Jan Świerc (29 April 1877 – 27 June 1941) was a Polish Catholic priest who was affiliated with the Salesians of Don Bosco. He was the parish priest for Przemyśl-Zasanie and St. Stanislaus Kostka Parish in Kraków before being murdered at the Auschwitz concentration camp. His beatification process started in 2003, and he was recognised as a martyr in 2025; he was beatified in Kraków in 2026.
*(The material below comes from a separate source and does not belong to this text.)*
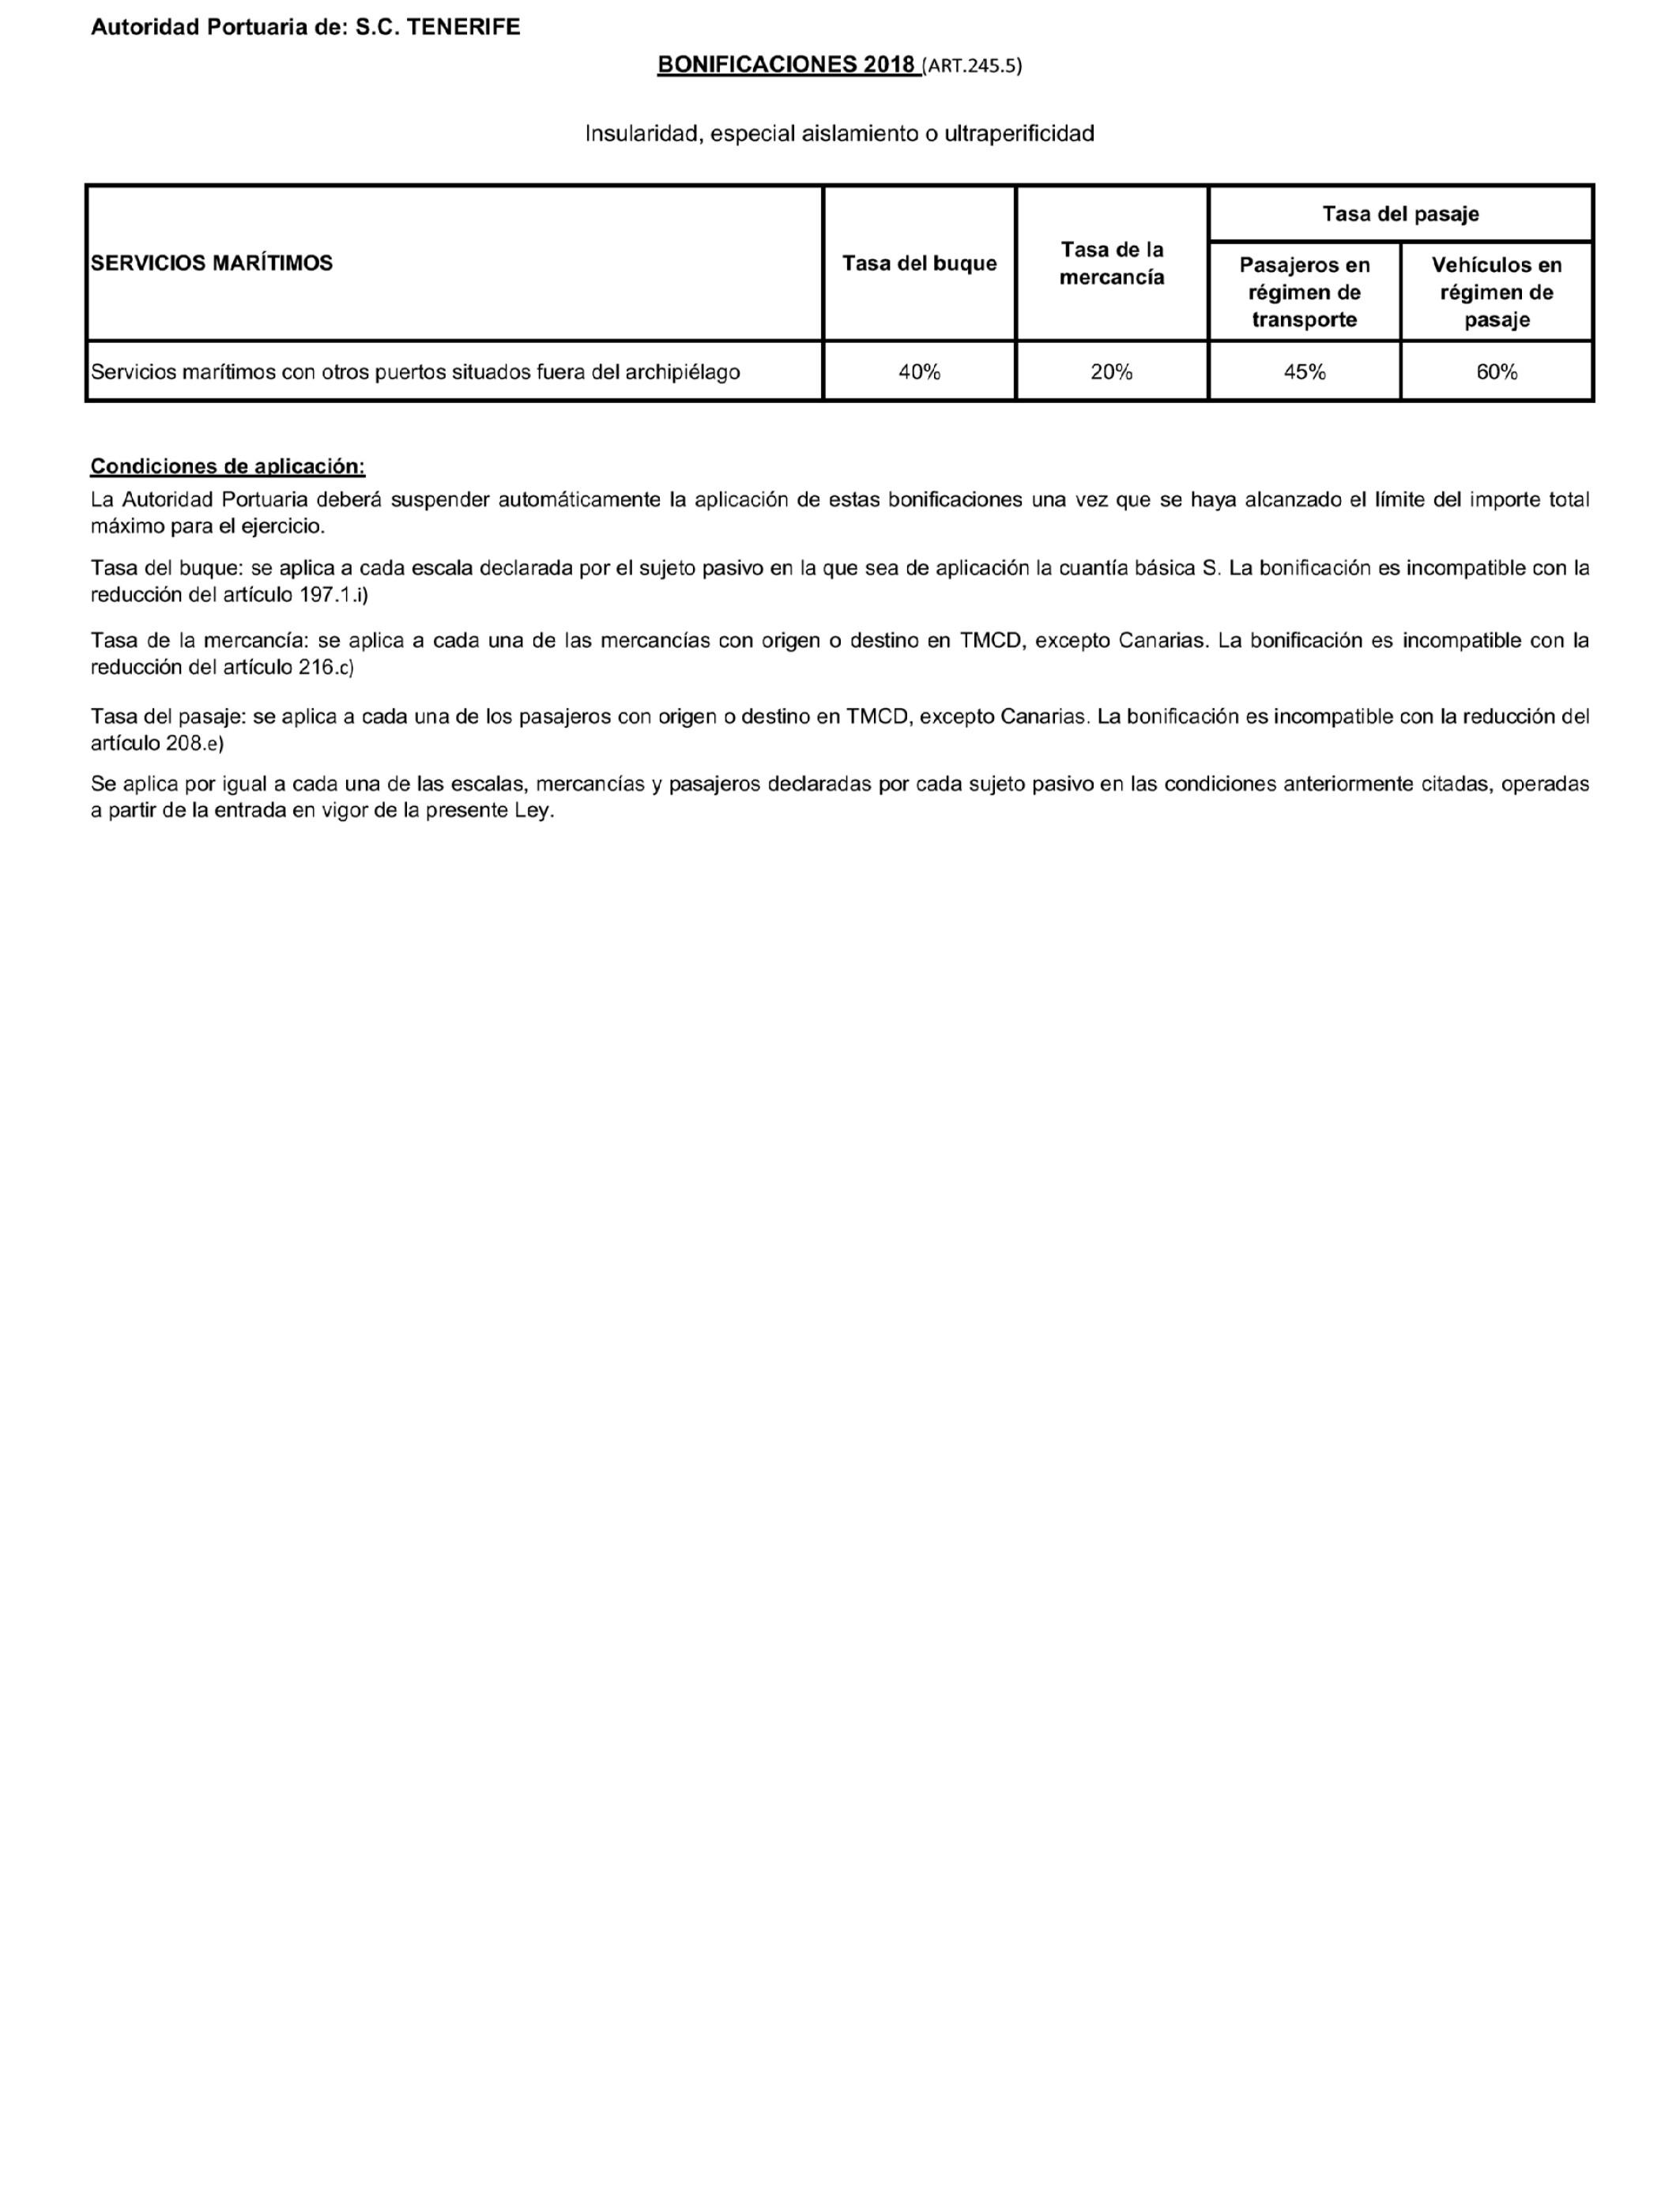 Calendario Escolar 2019 Valencia Pdf Recientes Boe Documento Boe A 2018 9268 Of Calendario Escolar 2019 Valencia Pdf Más Populares Etsid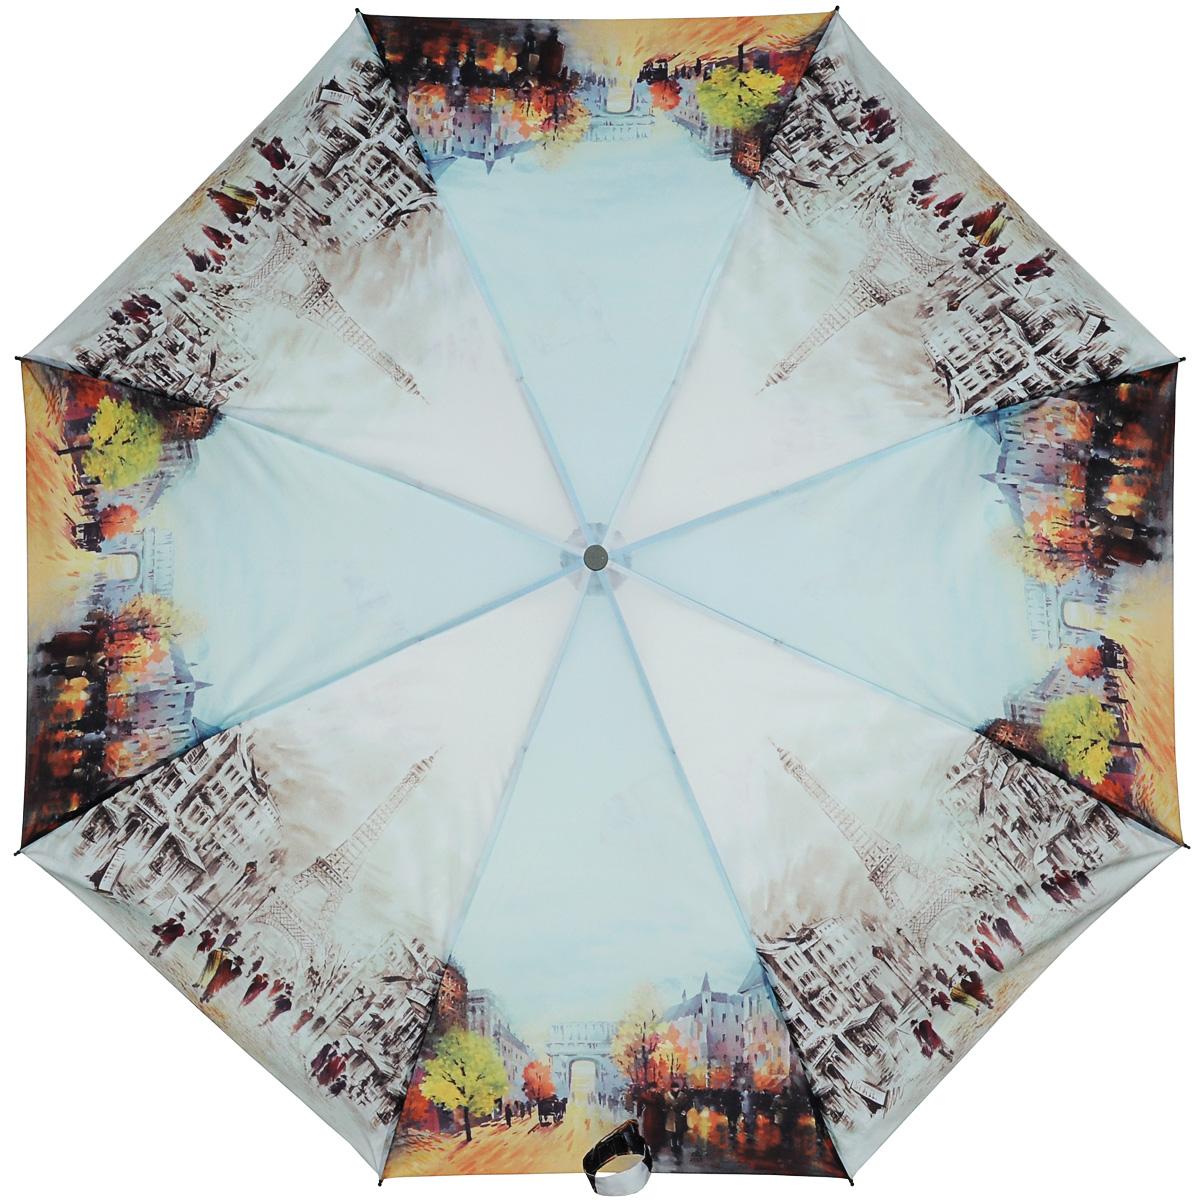 Зонт женский Zest, автомат, 3 сложения. 239455-18239455-18Женский автоматический зонт Zest в 3 сложения даже в ненастную погоду позволит вам оставаться стильной и элегантной. Каркас зонта состоит из 8 спиц из фибергласса и прочного стального стержня. Специальная система Windproof защищает его от поломок во время сильных порывов ветра. Купол зонта выполнен из прочного полиэстера с водоотталкивающей пропиткой и оформлен изображением улиц Парижа осенью. Используемые высококачественные красители, а также покрытие Teflon обеспечивают длительное сохранение свойств ткани купола. Рукоятка, разработанная с учетом требований эргономики, выполнена из приятного на ощупь прорезиненного пластика серого цвета. Зонт имеет полный автоматический механизм сложения: купол открывается и закрывается нажатием кнопки на рукоятке, стержень складывается вручную до характерного щелчка, благодаря чему открыть и закрыть зонт можно одной рукой, что чрезвычайно удобно при входе в транспорт или помещение. На рукоятке для удобства есть небольшой шнурок,...

==Early life and education==
Jan Świerc was born in Königshütte, German Empire, on 29 April 1877, to Matthew and Francesca Rother. He conducted secondary studies in Italy due to support from the Salesians of Don Bosco and graduated in Turin in 1897. He became a Salesian and he conducted his novitiate in Ivrea. He studied philosophy and theology in Turin.

==Career==
On 6 June 1903, Świerc was ordained as a priest by Cardinal Agostino Richelmy in Turin. He returned home in 1903, and became the first rector in Oświęcim. In 1911, he was appointed as the head of the Lubomirski Institute in Kraków. He provided care for wounded Austria-Hungary soldiers during World War I. He was director and parish priest in Przemyśl-Zasanie from 1925 to 1934, and oversaw the construction of St. Joseph's Church. He was a close advisor to Bishop Anatol Nowak. On 8 July 1938, he became the director and parish priest for the St. Stanislaus Kostka Parish in Cracow. Karol Wojtyła, the future Pope John Paul II, was a member of this parish church.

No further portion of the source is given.